Пёрсон зашел в ванную, опорожнил мочевой пузырь и подумал о том, чтобы принять душ, но теперь она могла уже прийти в любую минуту – если вообще придет! Он натянул свой элегантный свитер с высоким воротом-горловиной и нашел последнюю таблетку антацида в запомнившемся, но не сразу найденном кармане пиджака (занятно, как непросто некоторым людям с первого взгляда определить правую и левую стороны висящего на спинке стула пиджака). Она всегда говорила, что настоящий мужчина должен быть одет безупречно, но при этом ему не следует мыться слишком часто. По ее словам, мужской душок из gousset[53] может быть весьма привлекательным в определенных ситуациях, и только дамам и горничным надлежит пользоваться дезодорантами. Никогда в жизни он ничего и никого не ждал с таким волнением. Его лоб покрывала испарина, его била дрожь, коридор за дверью был длинным и тихим, немногочисленные постояльцы находились главным образом внизу, в холле, болтая, или играя в карты, или просто счастливо качаясь на мягкой грани дремоты.
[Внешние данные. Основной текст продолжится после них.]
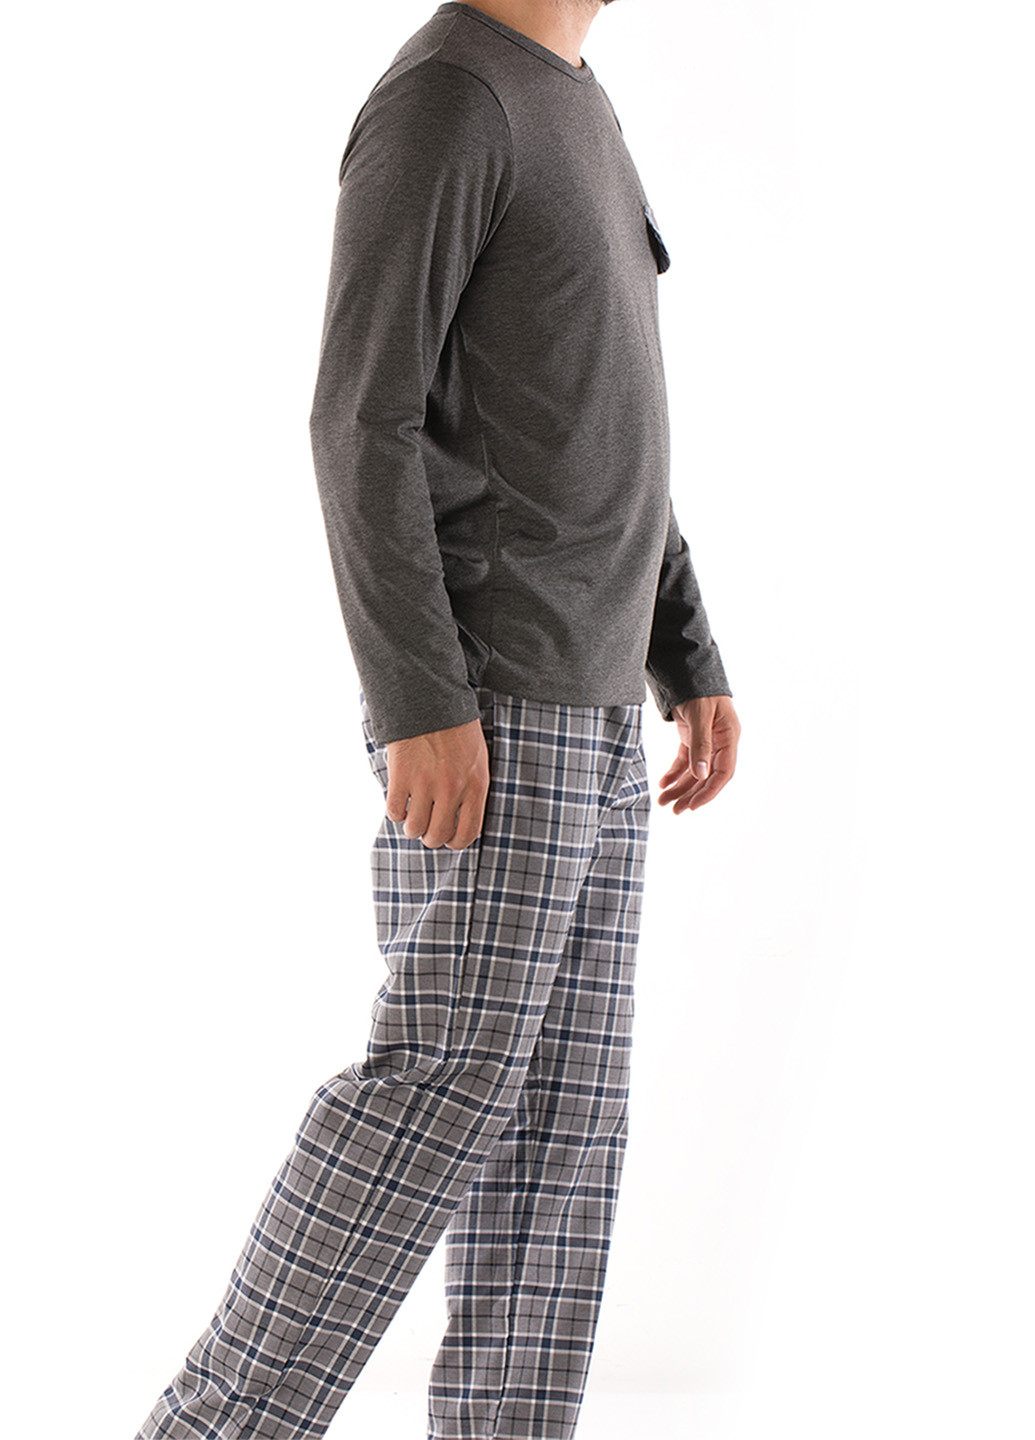 Пижама (лонгслив, брюки) DoReMi лонгслив + брюки меланж тёмно-серая домашняя полиэстер, хлопок

Он обнажил кровать и откинулся головой на подушку, в то время как каблуки его ботинок по-прежнему касались пола. Новичкам нравится наблюдать за такими увлекательными мелочами, как ямка на подушке, видимая сквозь чело, лобную кость, пульсирующий мозг, затылочную кость, затылок и черные волосы персоны. В начале нашего нового бытия, всегда завораживающего, иногда пугающего, такого рода невинное любопытство (ребенок, играющий со змеистыми отраженьями в ручье, африканская монахиня в арктическом монастыре, с восторгом трогающая хрупкую пушистую головку своего первого одуванчика) не является чем-то необычным, особенно если за персоной и тенями связанной с ним материи следят от юности до смерти. Пёрсон, эта персона, находился на воображаемой грани воображаемой вершины блаженства, когда заслышались шаги Арманды – вычеркивающие оба «воображаемой» на корректурных полях (всегда недостаточно широких для правок и замечаний!). Именно здесь оргазм искусства пронизывает позвоночник с несравнимо большей силой, чем любовный экстаз или метафизический ужас.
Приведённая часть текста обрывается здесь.